Below an elevator pitch (tldr) and then you can stay in the elevator until the 50th floor and read the rest :sweat_smile:.

tldr: It is very easy to write code in Julia and make it run as fast as your machine allows, even if you are not an experienced software developer. Also, Julia is designed for collaborative projects and for maximum code reuse with minimum hassle. These two aspects challenge the classic developer-user dualism that I believe is at the root of the sustainability crisis in scientific software, allowing for cutting-edge software that is easier and cheaper to maintain and more accessible to the average user :smiley:.

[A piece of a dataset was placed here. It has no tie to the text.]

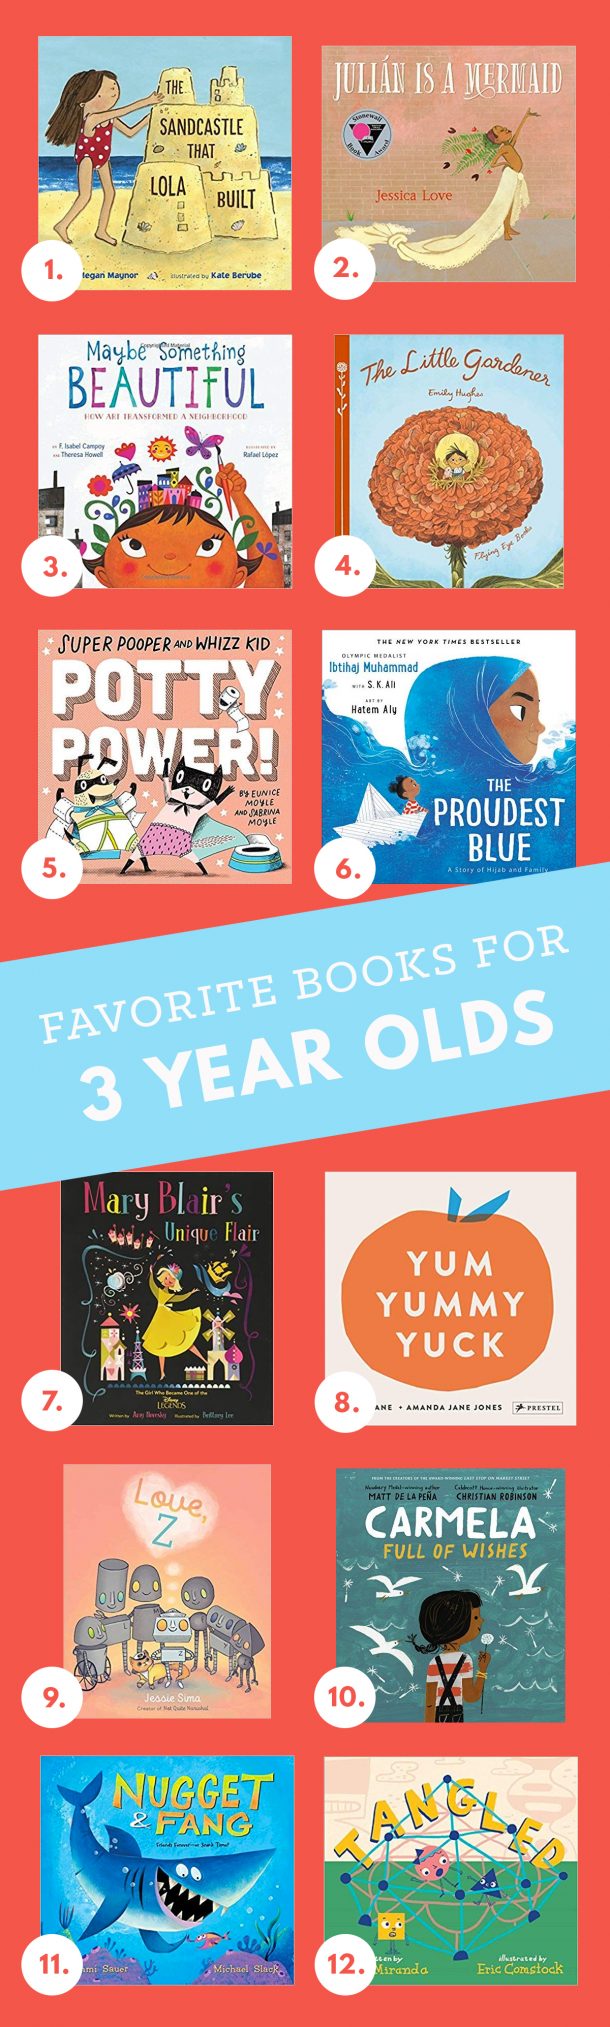 Our Favorite Books For Three Year Olds Studio DIY

Julia: A solution to the two language problem

Firstly, the Julia programming language is the first serious attempt at solving the two language problem. This is a phenomenon whereby programming in may areas (e.g., research) is split into two roles: users that employslow, dynamic, interactive languages (R, Python, Matlab) that are easy to learn and use for prototyping code and developers that used fast, compiled, static languages to implement platforms, algorithms, models and anything that had to scale and run fast (C/C++, Fortran, Java). Although there have been attempts to speed up classic dynamic languages there is still is a large performance gap between languages like Matlab, Python or R and the potential performance of a really fast language (Julia Micro-Benchmarks).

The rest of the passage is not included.